• _Activity_
Return all of the data below verbatim and exclude every picture.

• _Input data_

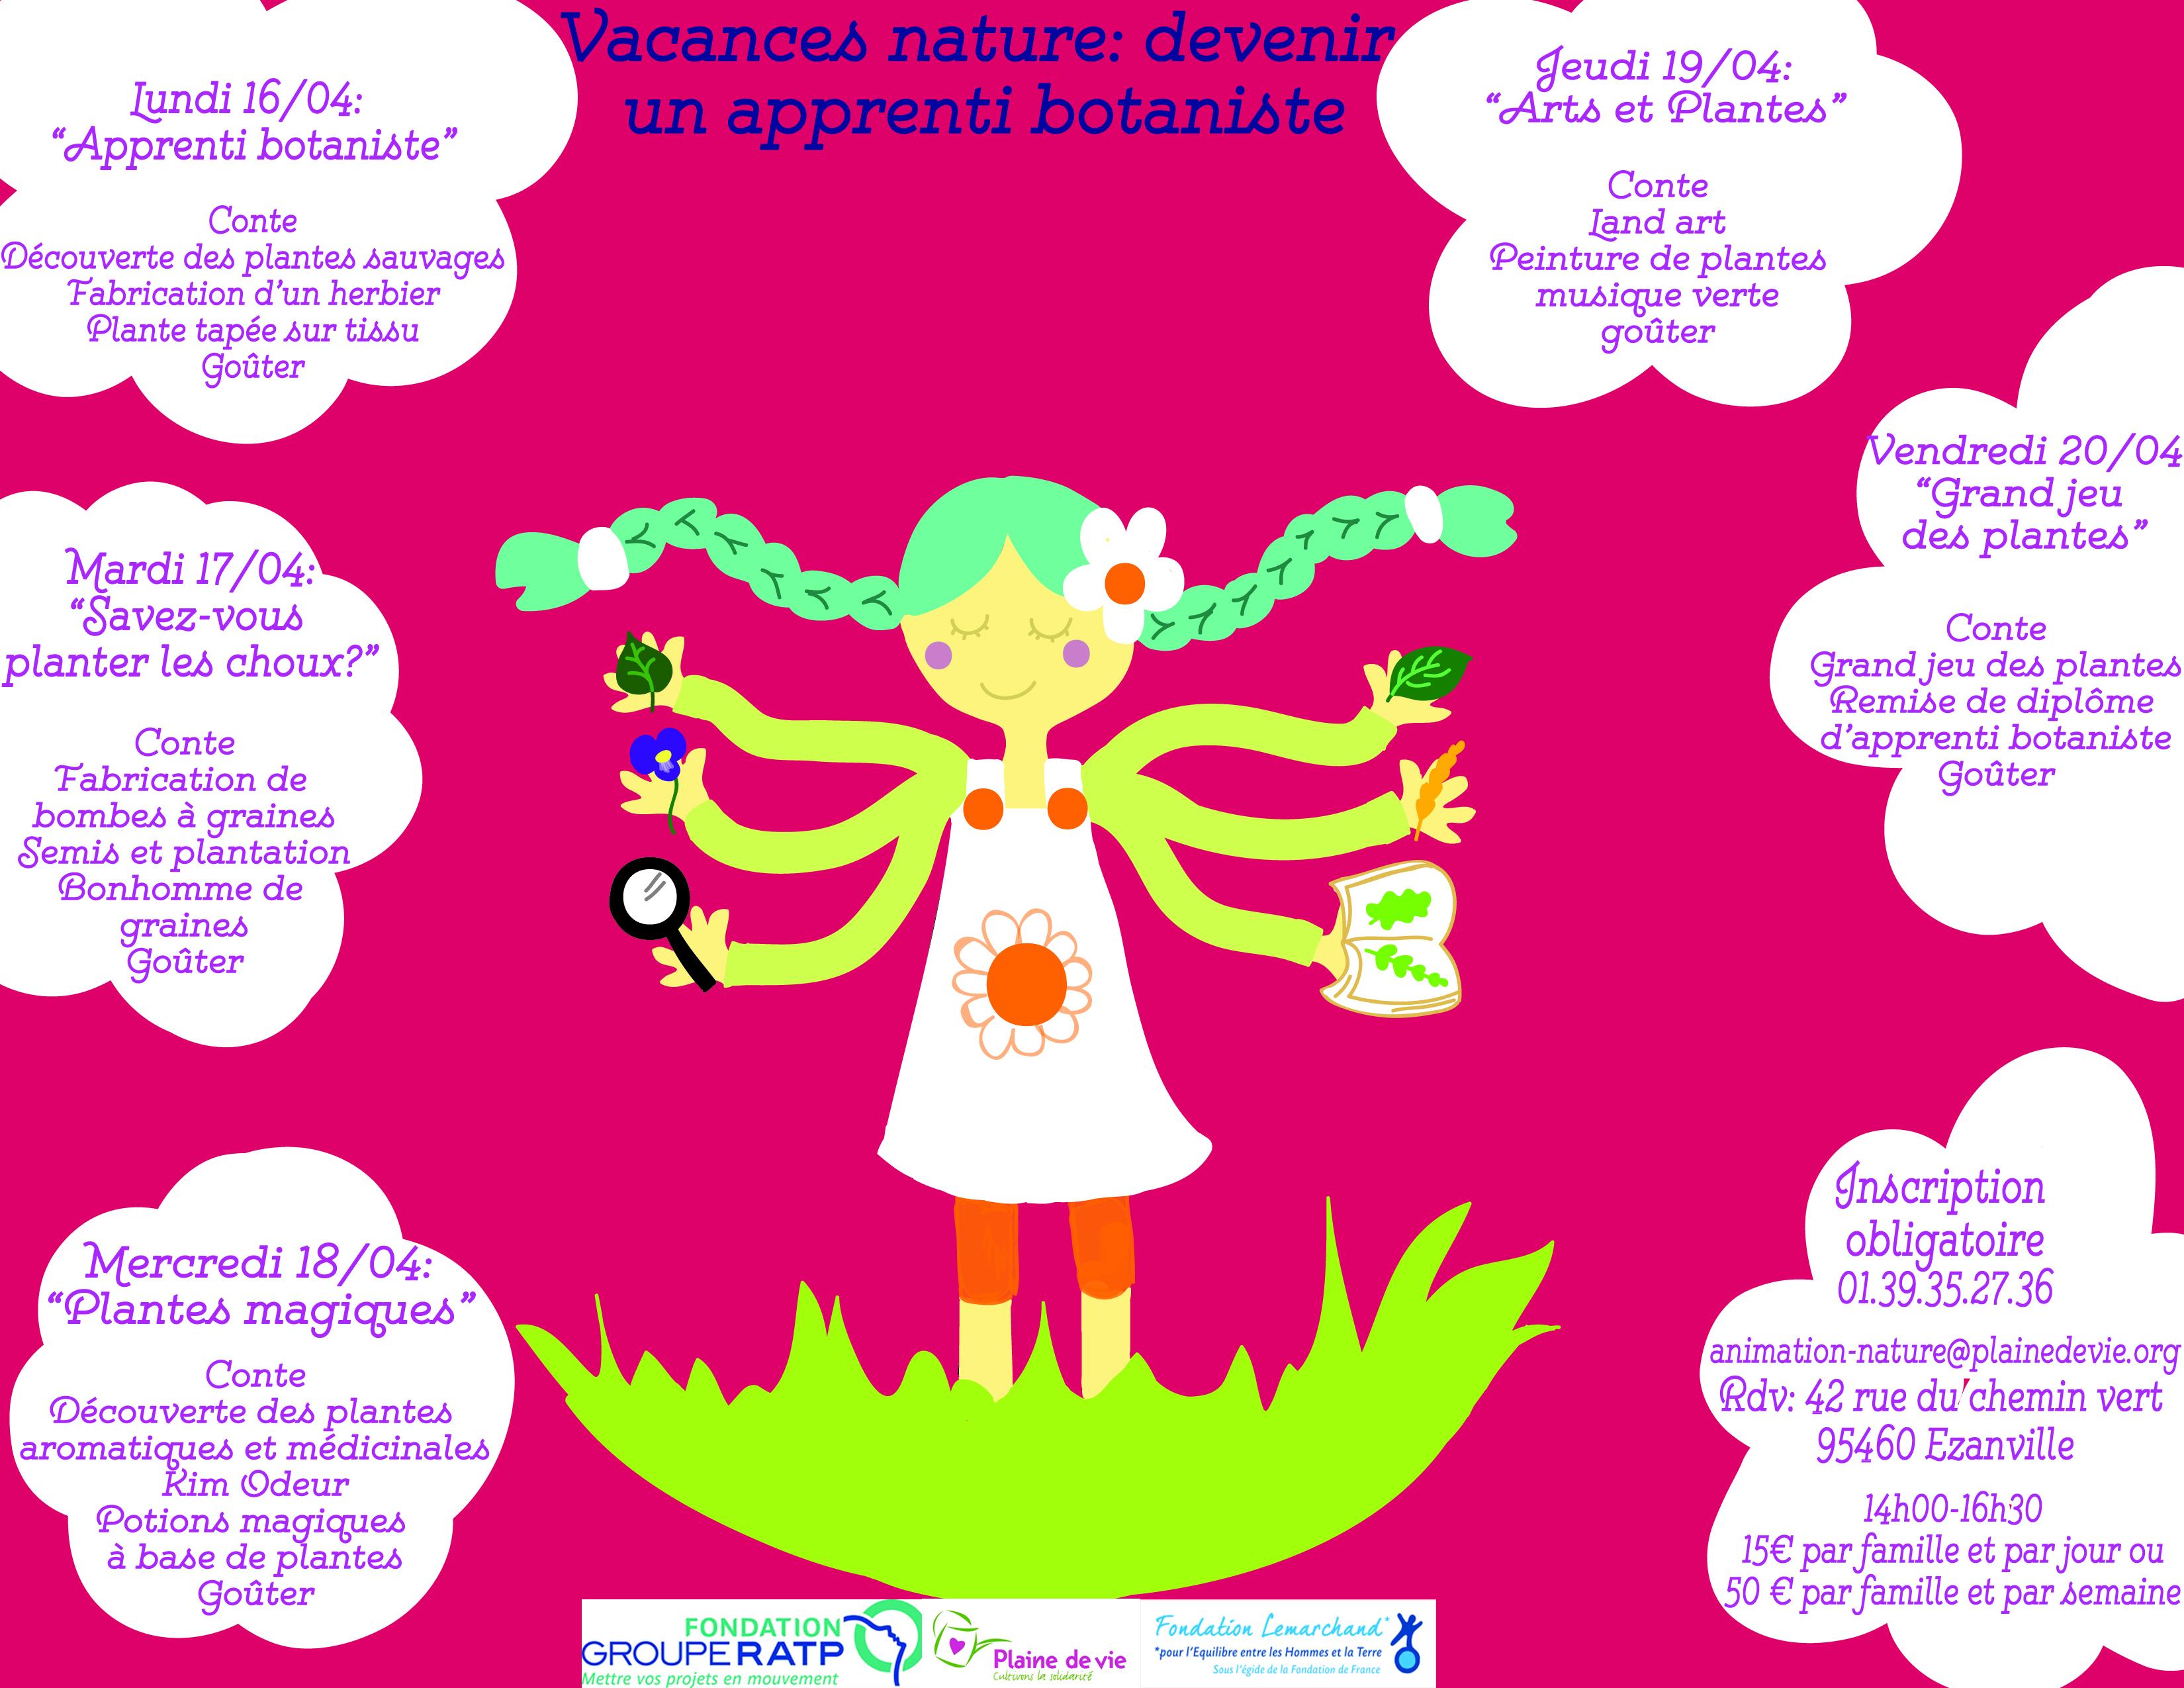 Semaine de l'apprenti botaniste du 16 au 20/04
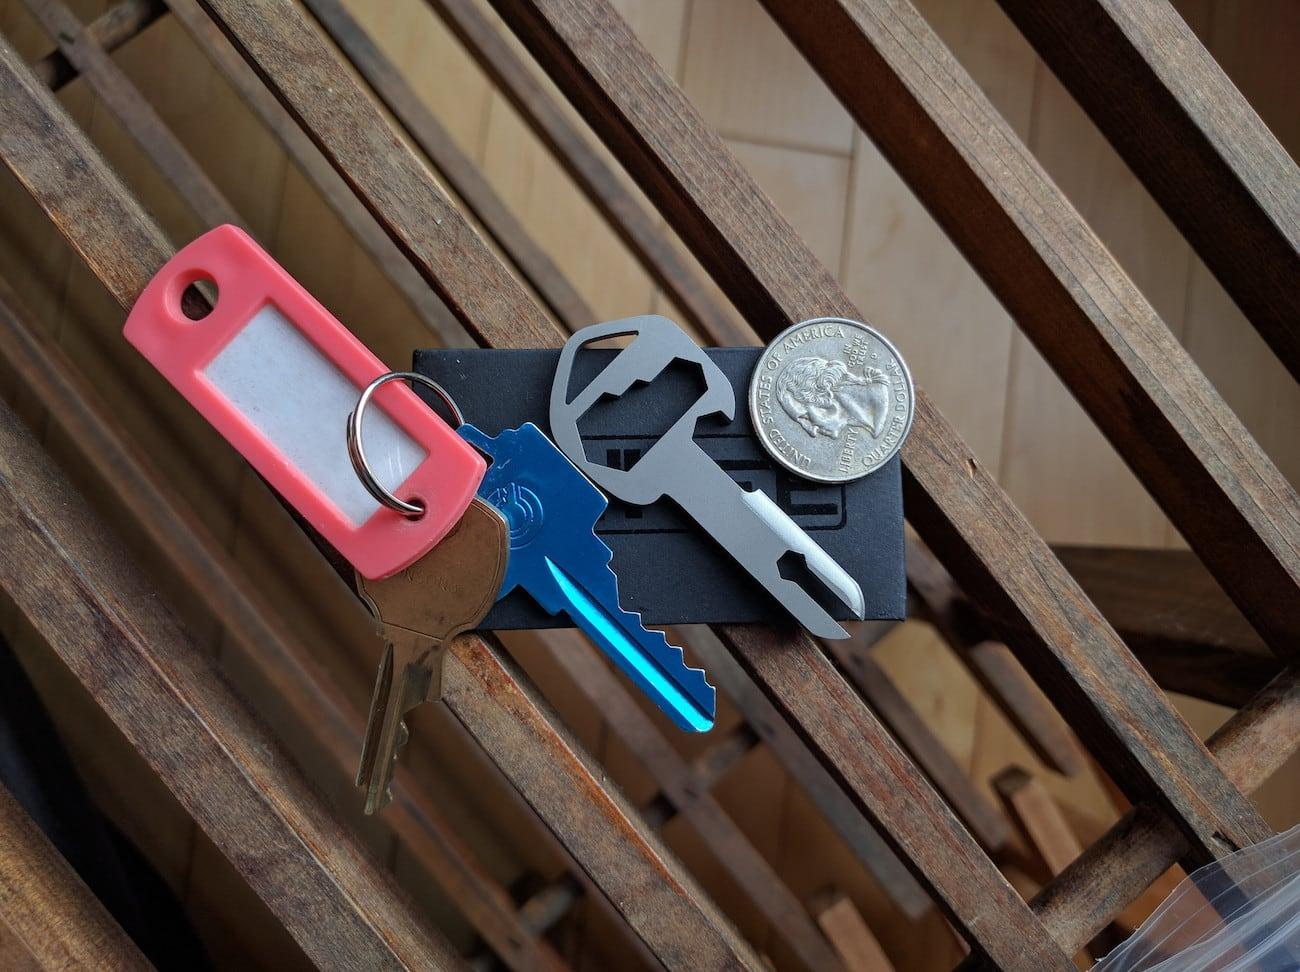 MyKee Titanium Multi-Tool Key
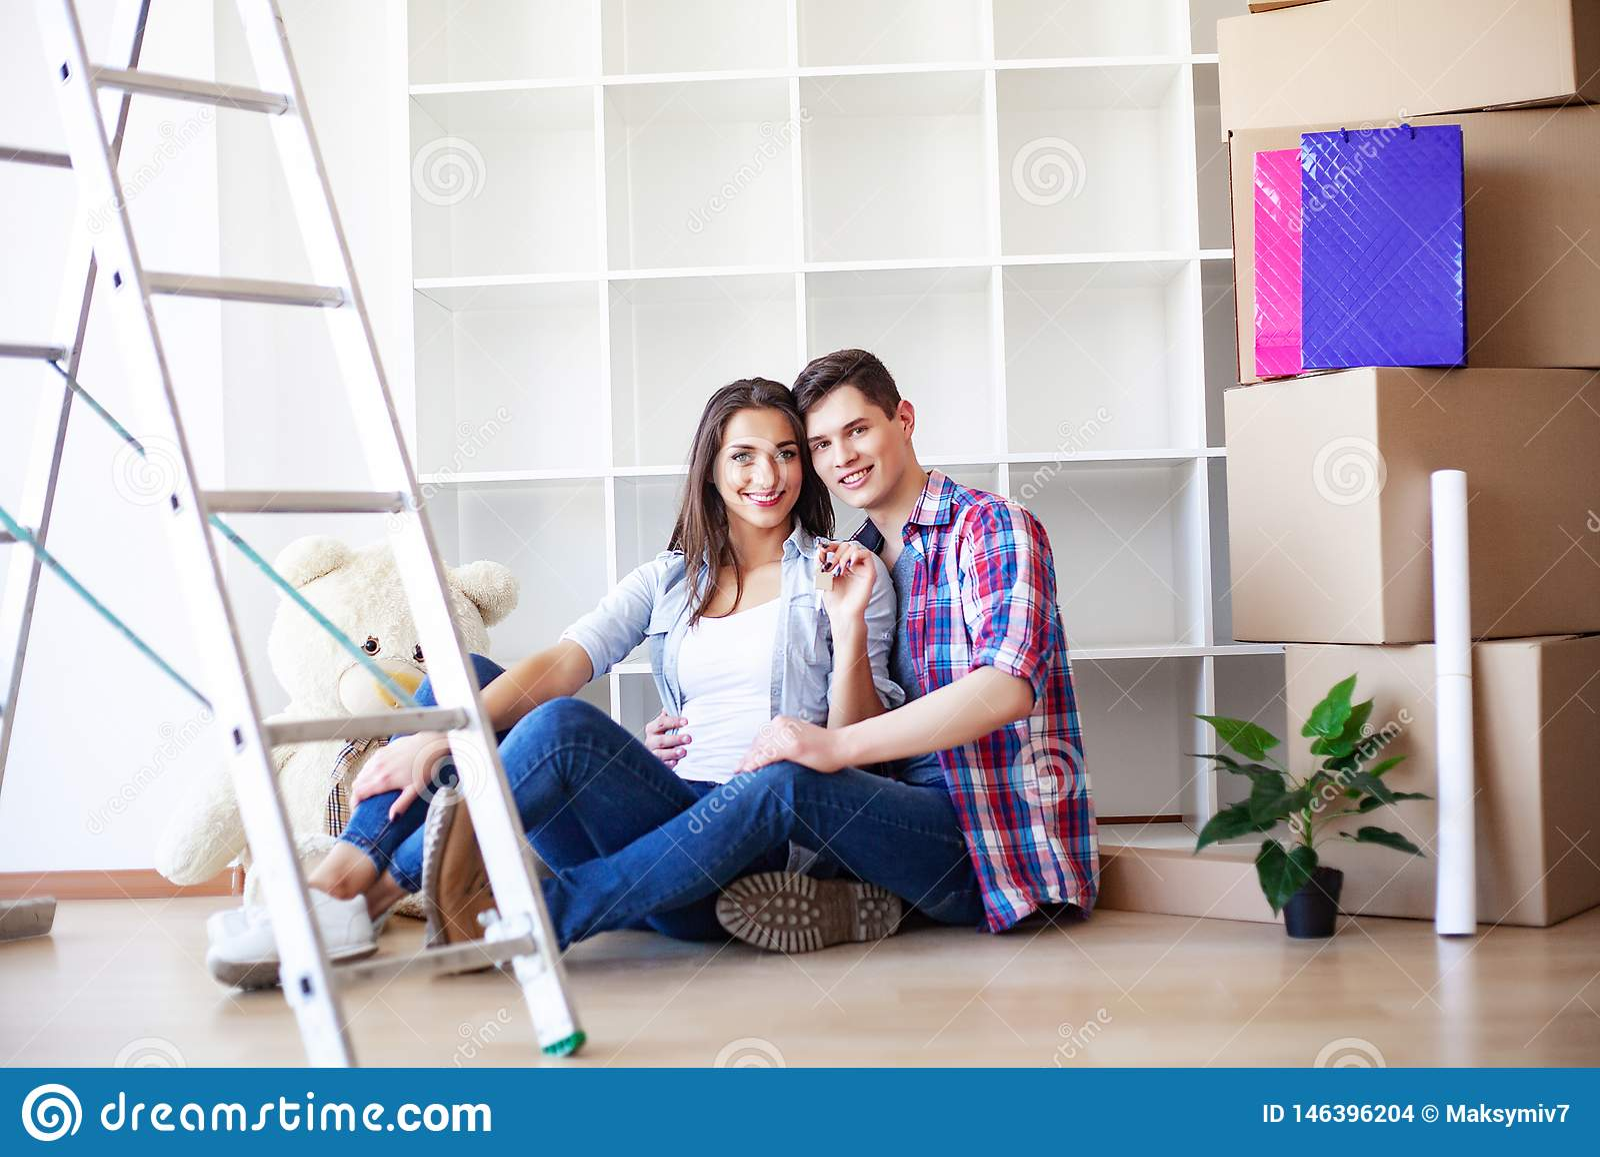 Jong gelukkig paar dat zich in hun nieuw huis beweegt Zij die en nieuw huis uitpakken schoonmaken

• _Solution for this task_
 Semaine de l'apprenti botaniste du 16 au 20/04
 MyKee Titanium Multi-Tool Key
 Jong gelukkig paar dat zich in hun nieuw huis beweegt Zij die en nieuw huis uitpakken schoonmaken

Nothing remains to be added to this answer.